This is a cross post by Dave Rich from the CST Blog
In February 2009, the playwright Caryl Churchill wrote a short play, called Seven Jewish Children, as her “response to the situation in Gaza” the previous month. The play is explicitly about Jewish parents and children (Jews are mentioned in the title and the text, whereas the word “Israeli” does not appear once in the play); but in attempting to explore Jewish attitudes towards children, both Jewish and Palestinian, Churchill achieved little more than to reflect the febrile atmosphere of the time, in which antisemitic incidents in this country reached an all-time high and public demonstrations against Israel regularly became violent.
If Churchill’s play was her response to events in Gaza, she was not the only writer to be so inspired: Howard Jacobson wrote his Man Booker Prize-winning novel, The Finkler Question, in part as a response to the response to Gaza. While the period of the Gaza conflict has now passed and tempers cooled somewhat, Seven Jewish Children is still regularly put on by pro-Palestinian groups, refuelling their activism and providing a literary basis for their ongoing anti-Israel politics. One of the most eye-catching locations for an upcoming production of the play is Lincoln, the location of one of the most notorious episodes in English antisemitism; an episode which provided one of the earliest works in the canon of English literary antisemitism.

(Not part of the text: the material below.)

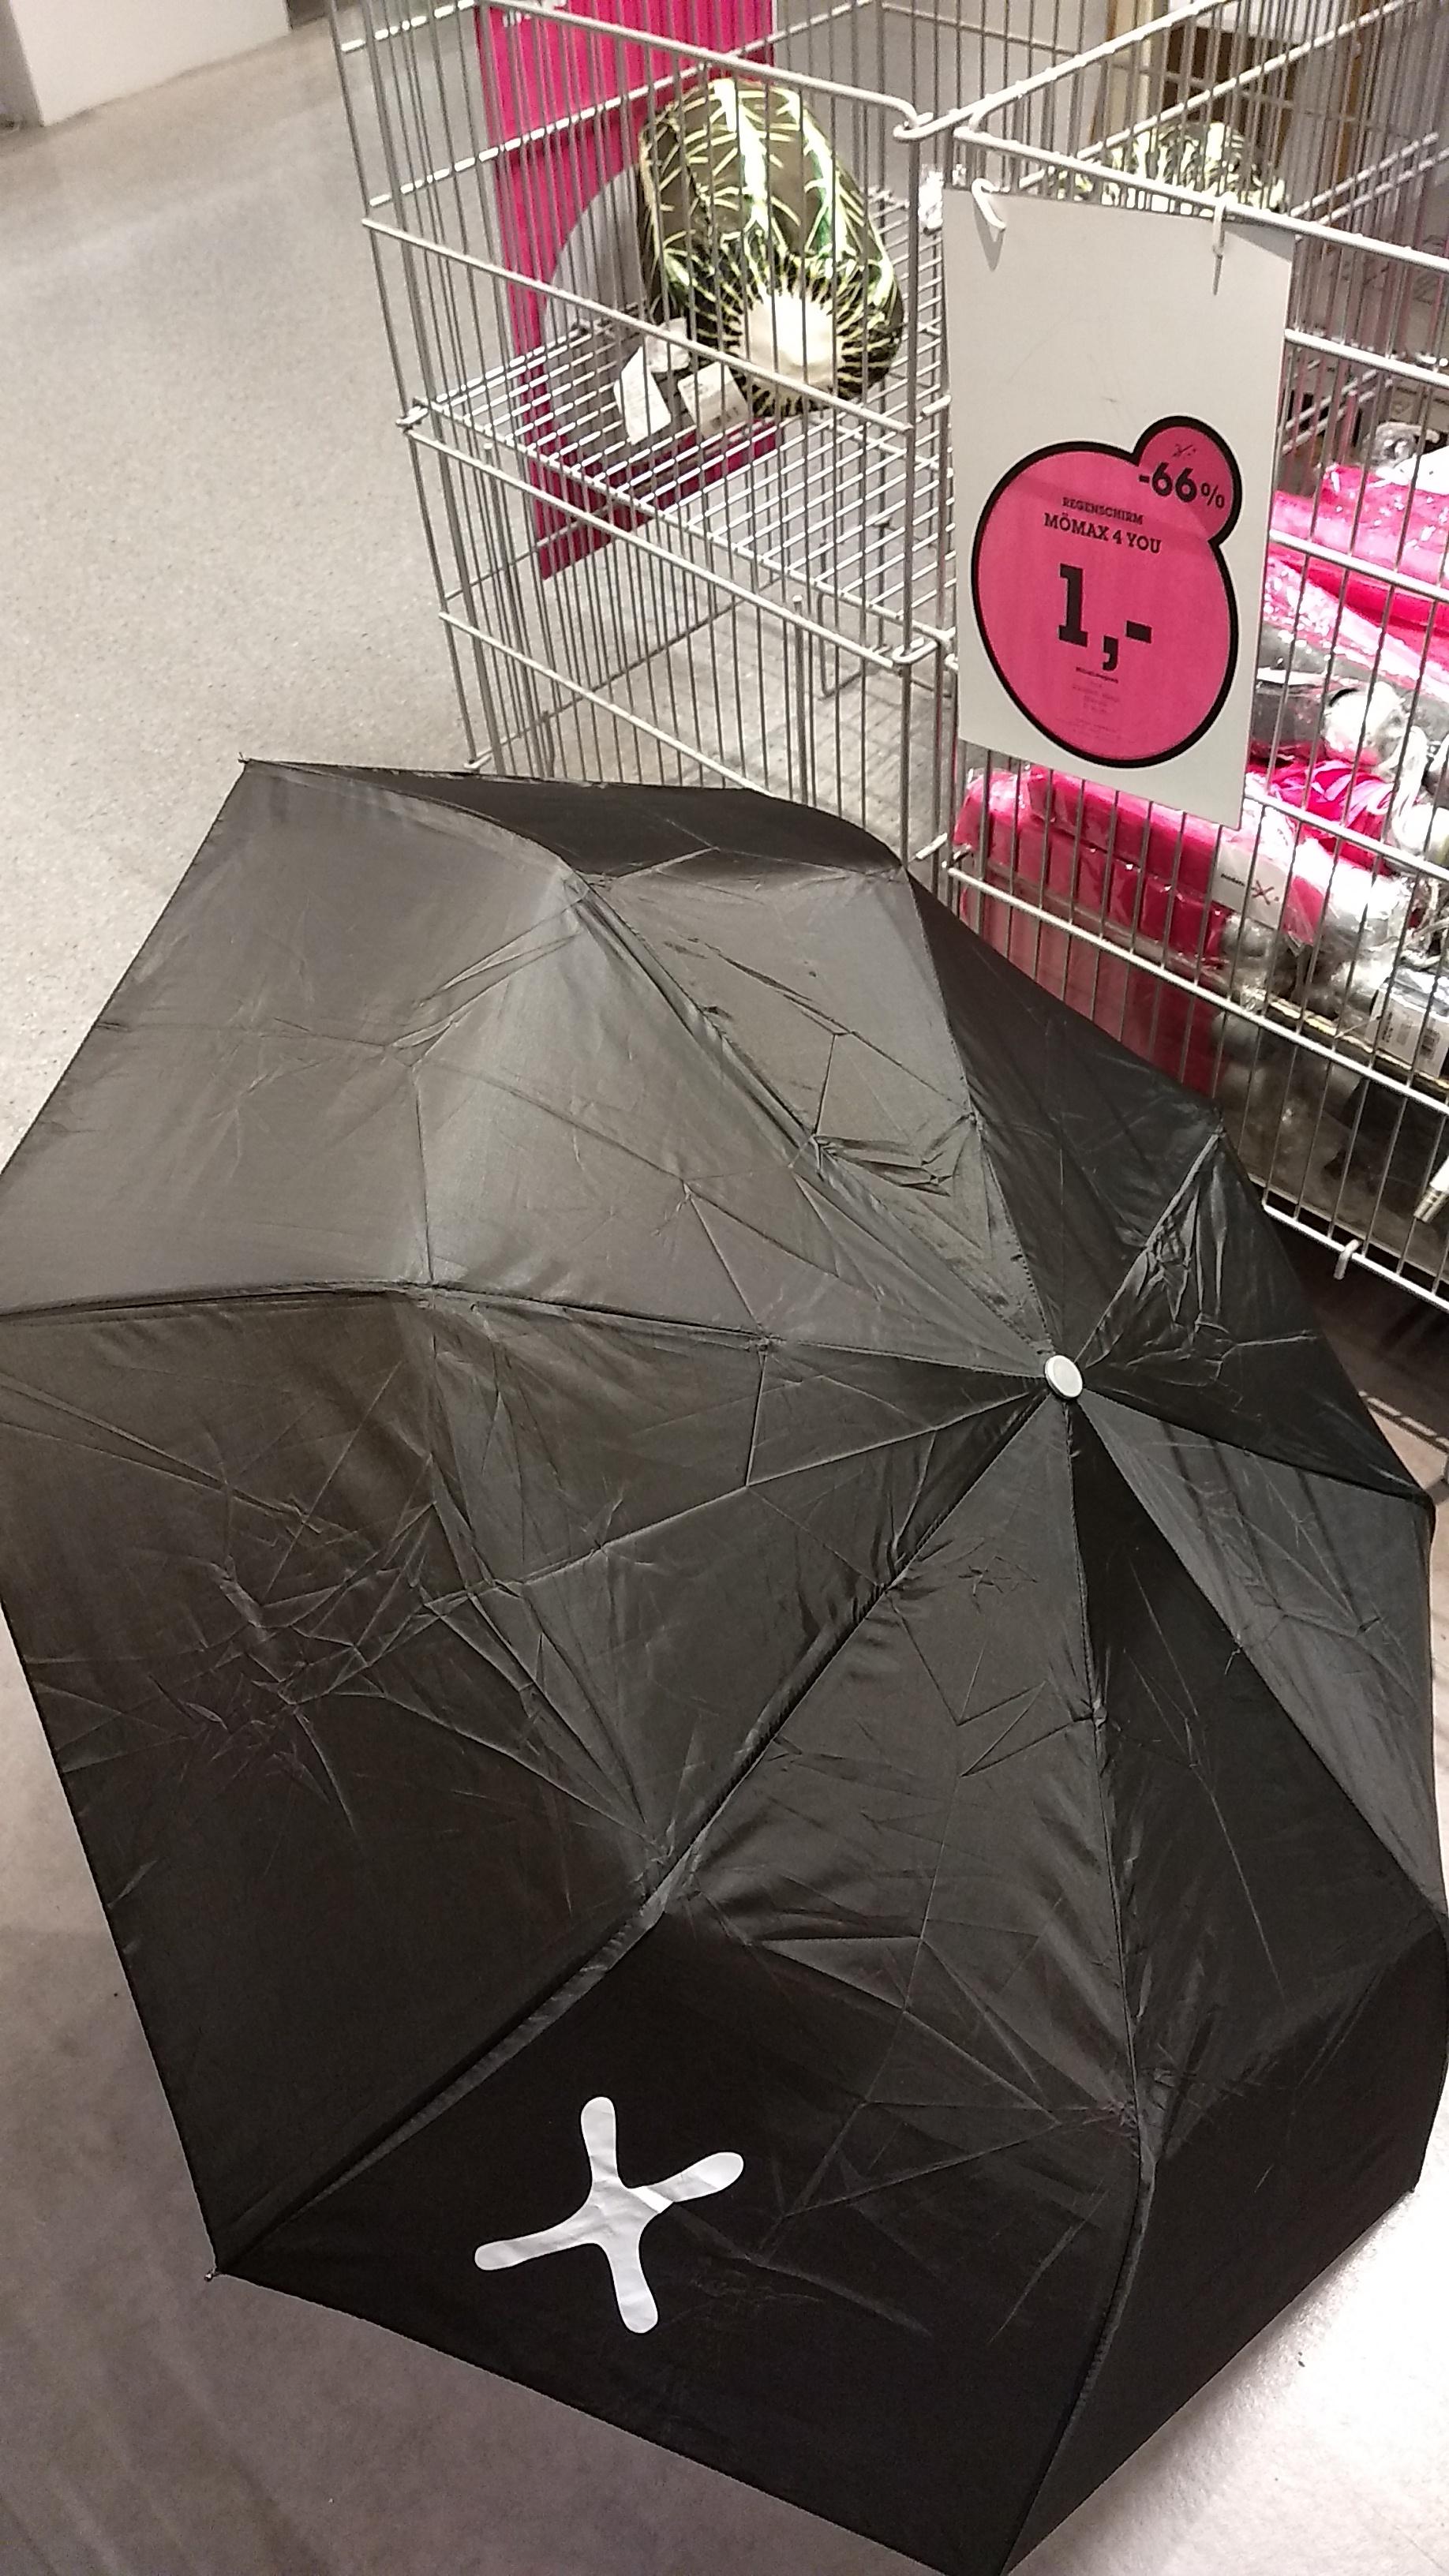 """Taschen-Regenschirm """"knirpsartige Ausführung"""": 1,-"""

According to the website of the Palestine Solidarity Campaign, Seven Jewish Children will be performed in Lincoln on 11th April, at the University of Lincoln’s Performing Arts Centre. Not only is the University providing the venue: according to PSC, the play is organised by the University of Lincoln’s School of Performing Arts and School of Humanities. The play is not advertised on the website of the Performing Arts Centre, but it may be connected to a symposium on Caryl Churchill’s work being held at the University five days later.

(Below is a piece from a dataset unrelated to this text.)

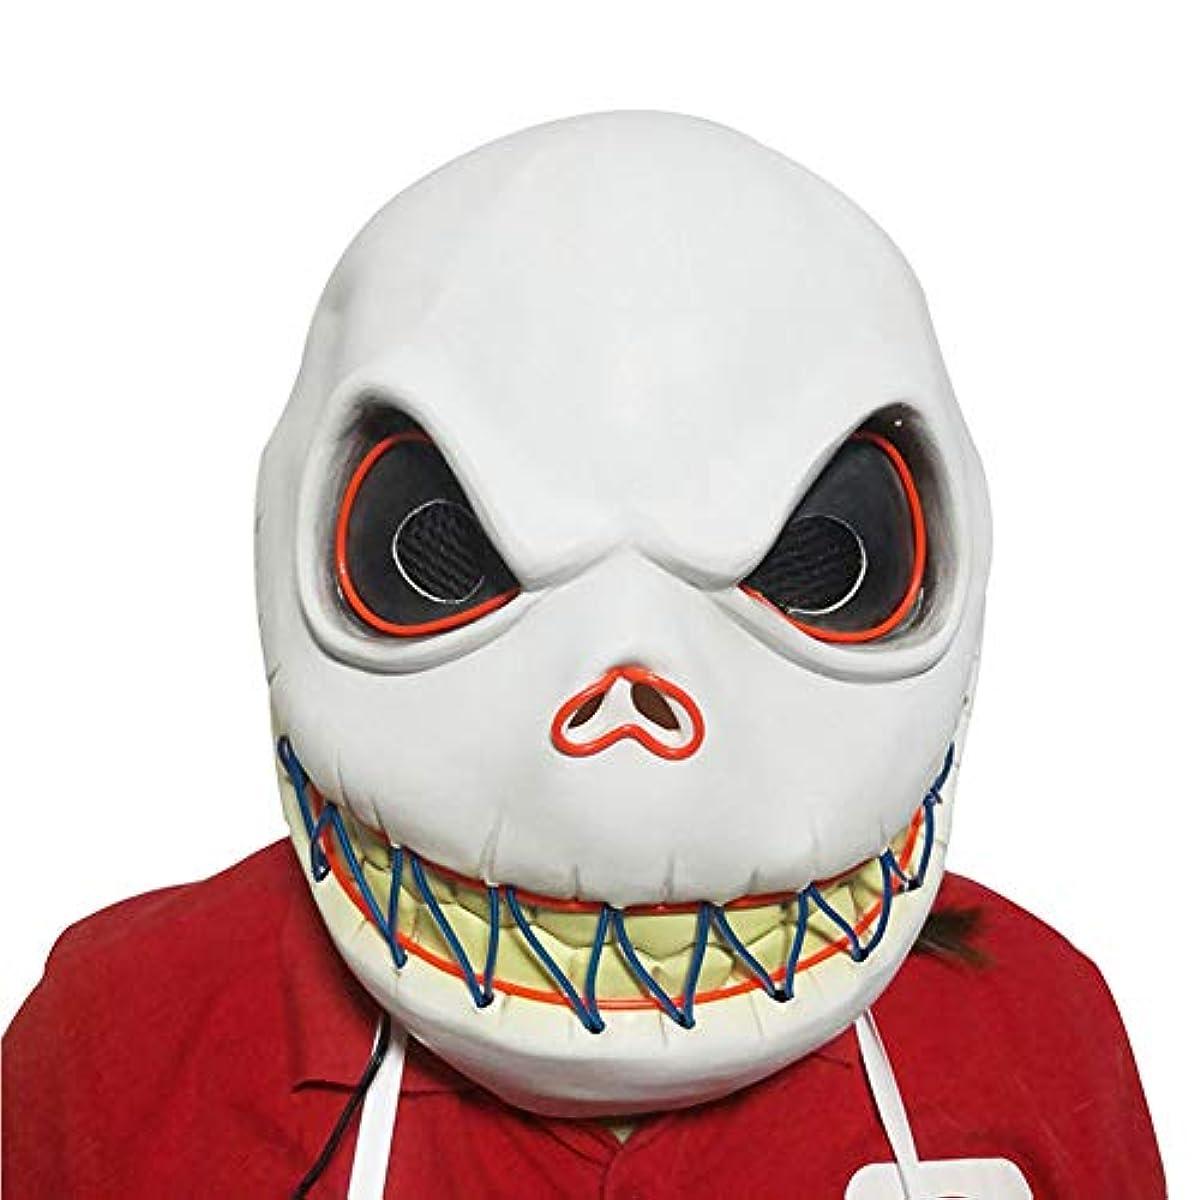 前書きフェッチ見捨てられたハロウィーンマスク、顔をしかめるラテックスマスク、ハロウィーン、テーマパーティー、カーニバル、レイブパーティーに適しています。

It is fair to say that Seven Jewish Children divided opinion, and continues to do so. John Nathan, reviewing it in the Jewish Chronicle, wrote that, “For the first time in my career as a critic, I am moved to say about a work at a major production house that this is an antisemitic play.” Christoper Hart in the Sunday Times described it as “straitjacketed political orthodoxy. No surprises, no challenges, no risks. Only the enclosed, fetid, smug, self-congratulating and entirely irrelevant little world of contemporary political theatre.” His stablemate at The Times, Dominic Maxwell, on the other hand, considered the play “an impassioned response to the events in Gaza that is elliptical, empathetic and illuminating.”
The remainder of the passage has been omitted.